*What to produce*:
Can you transcribe the data exactly? Leave the pictures out.

*Input data*:
####

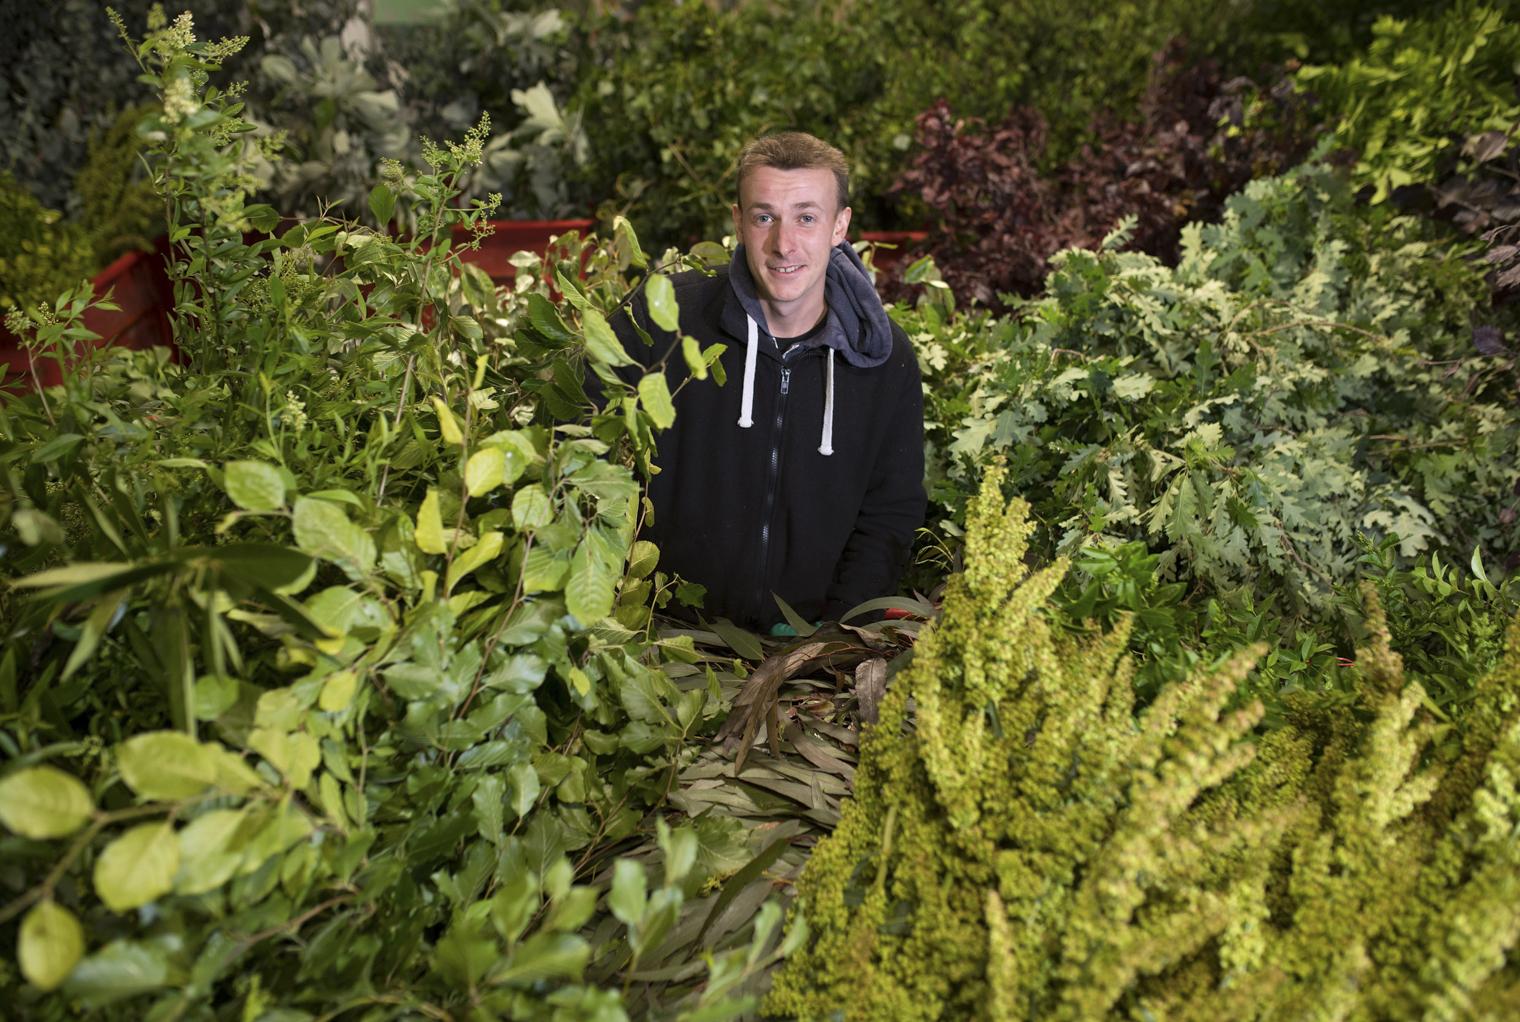 Zak at GB Foliage
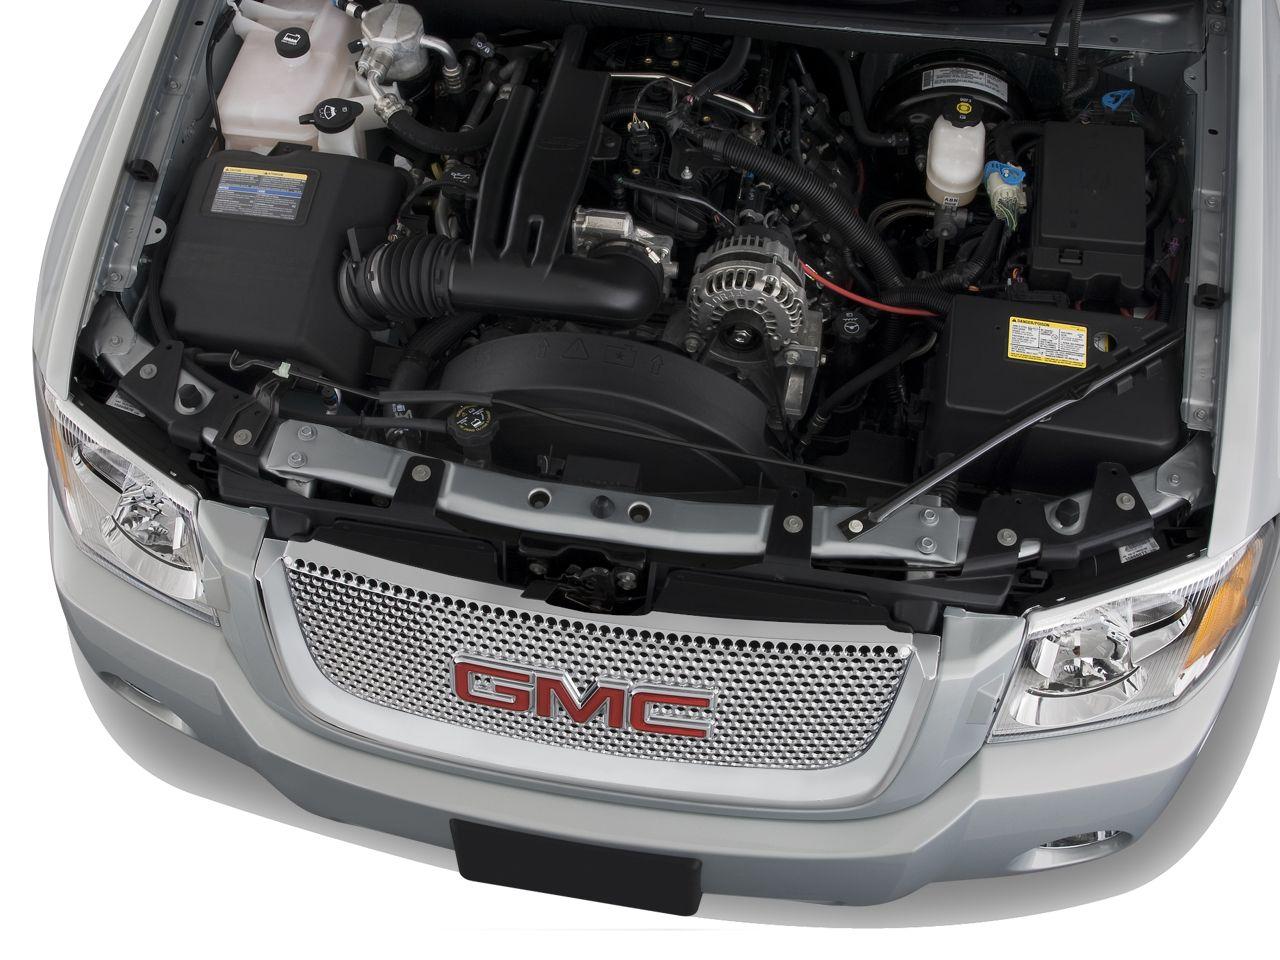 Gmc Envoy Ltz Gmc Envoy Gmc New Engine
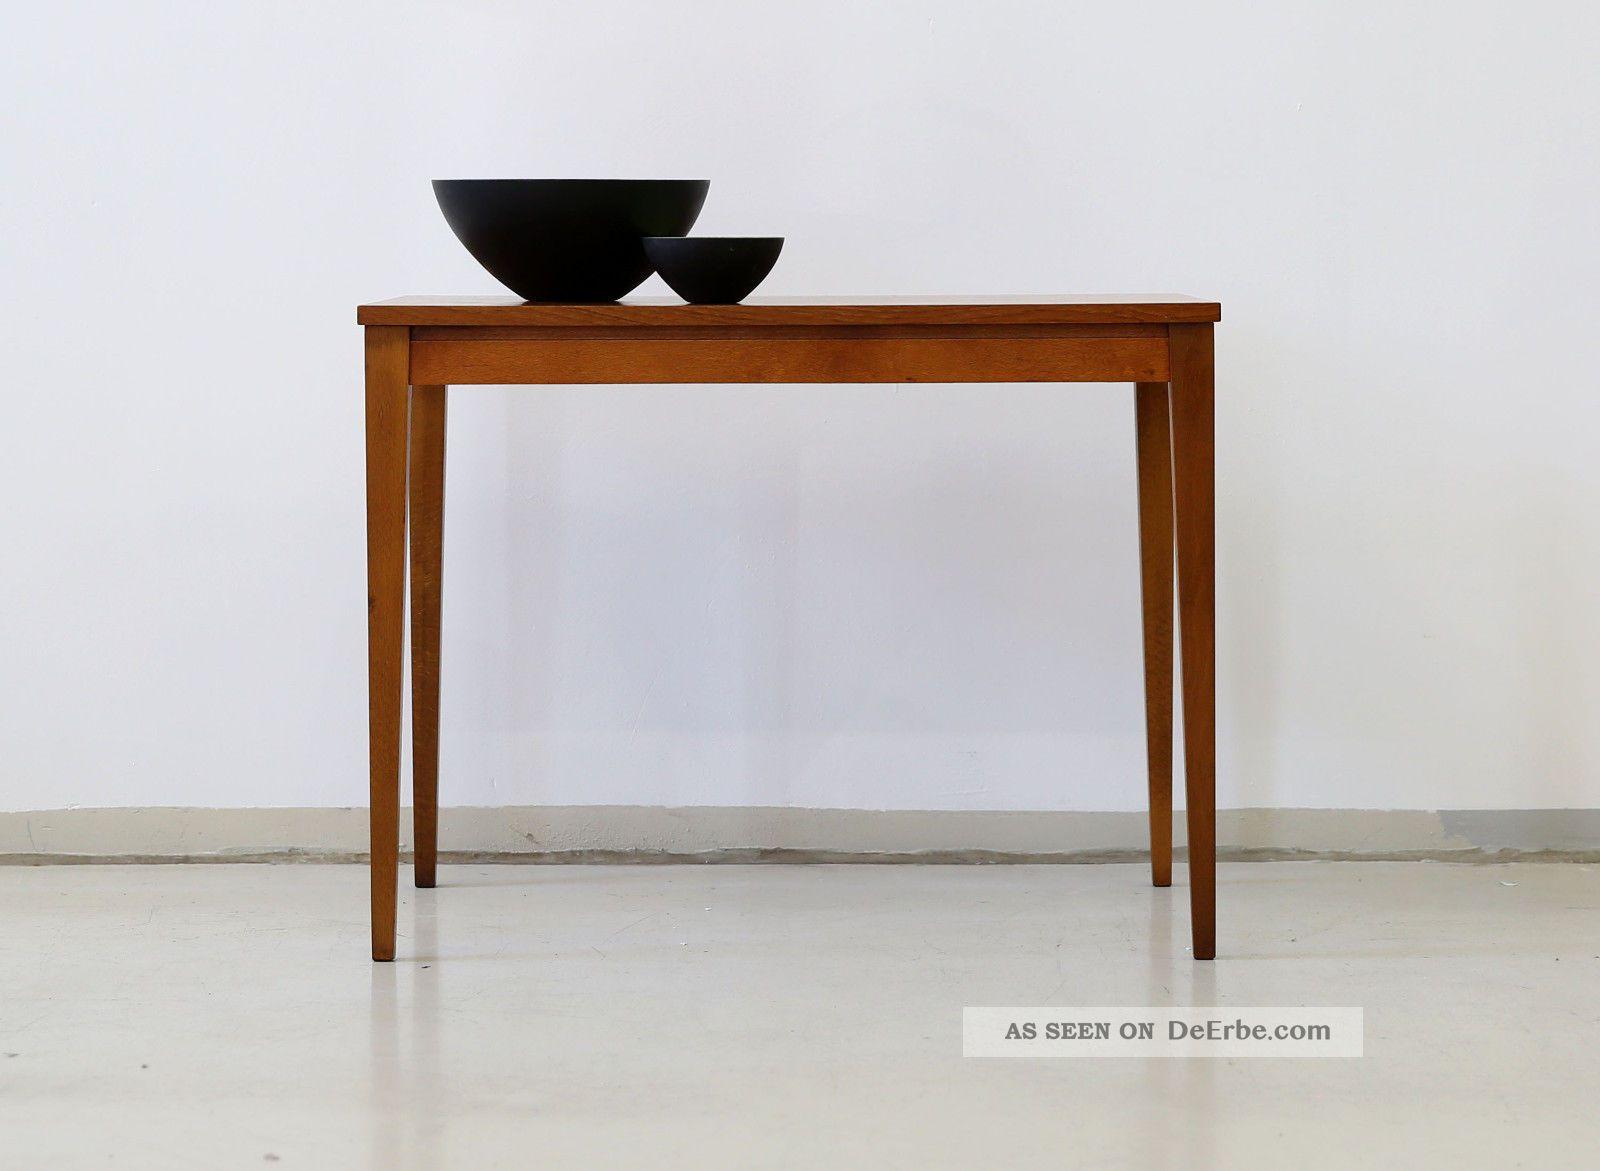 60er Teak Couchtisch Beistelltisch Danish 60s Side Table Vintage Midcentury 1960-1969 Bild
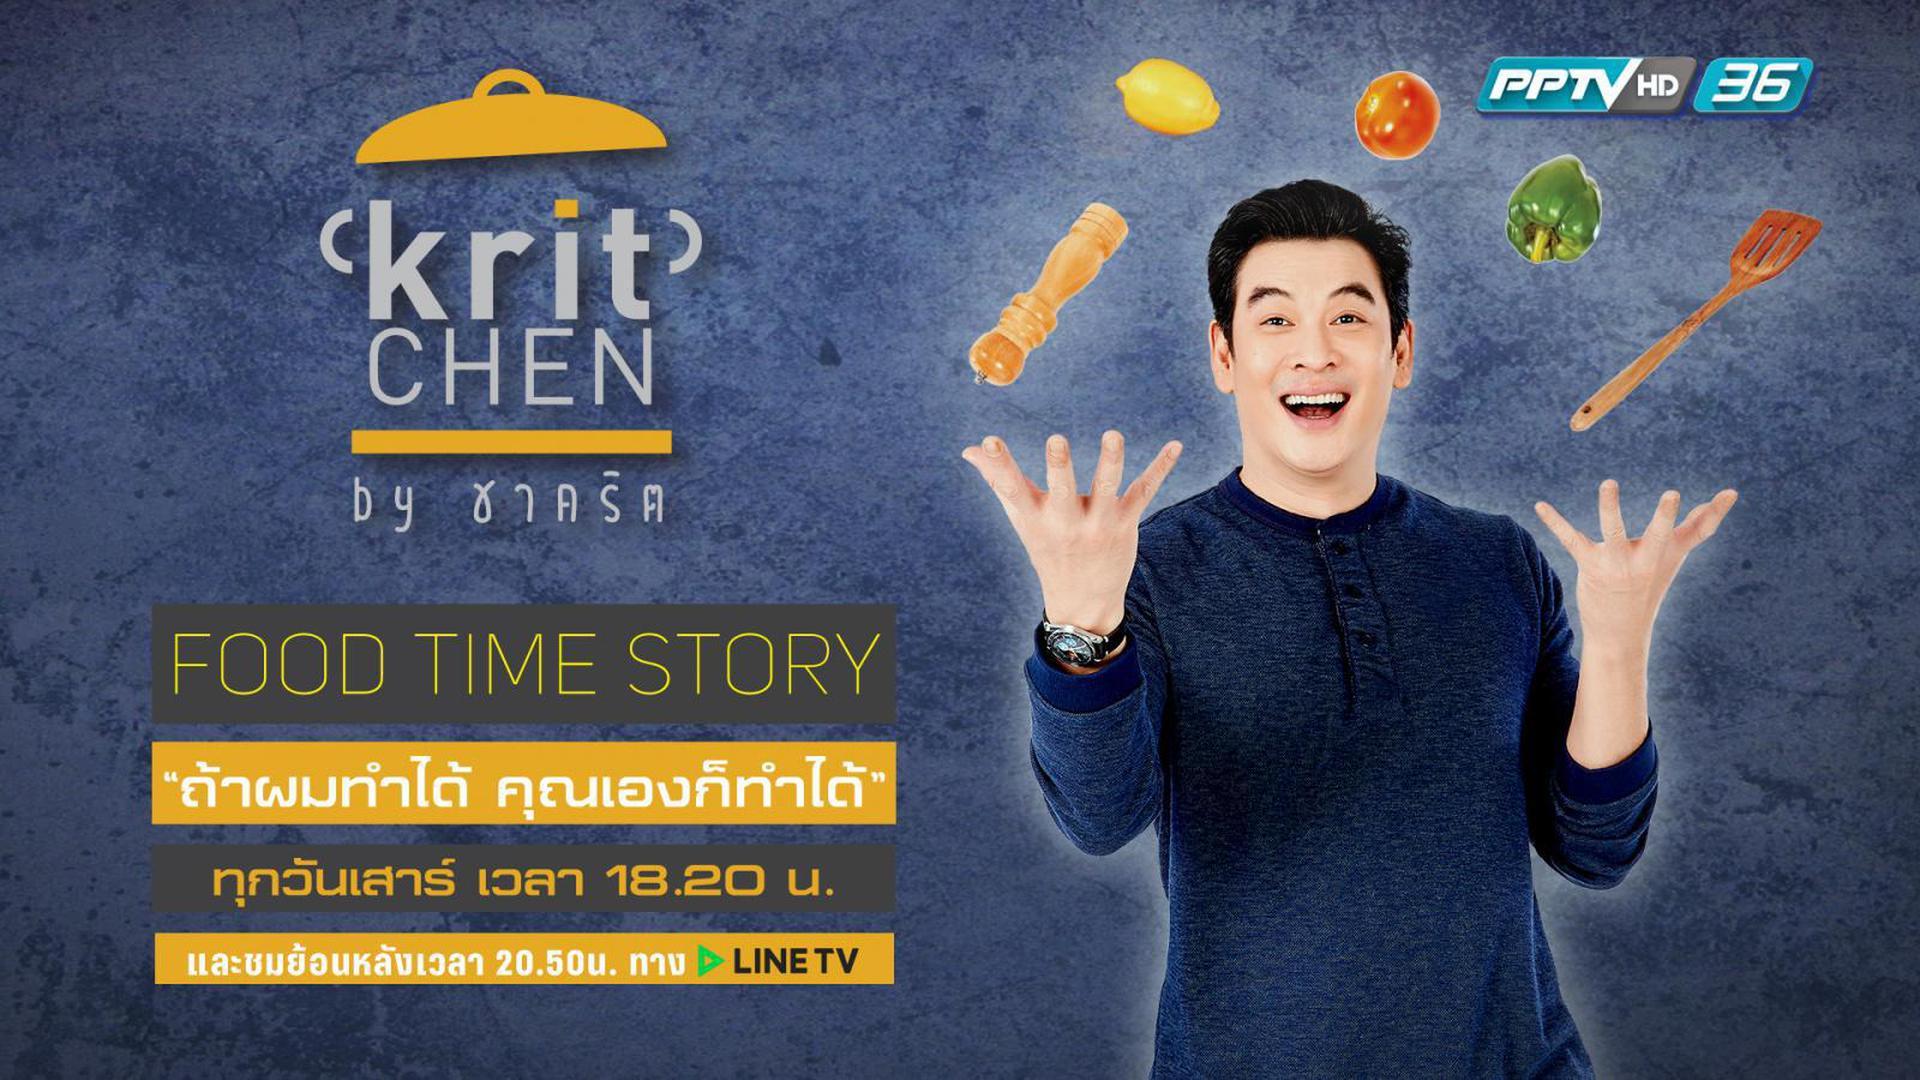 Kritchen by ชาคริต

####

*Answer*:
 Zak at GB Foliage
 Gmc Envoy Ltz Gmc Envoy Gmc New Engine
 60er Teak Couchtisch Beistelltisch Danish 60s Side Table Vintage Midcentury 1960-1969 Bild
 Kritchen by ชาคริต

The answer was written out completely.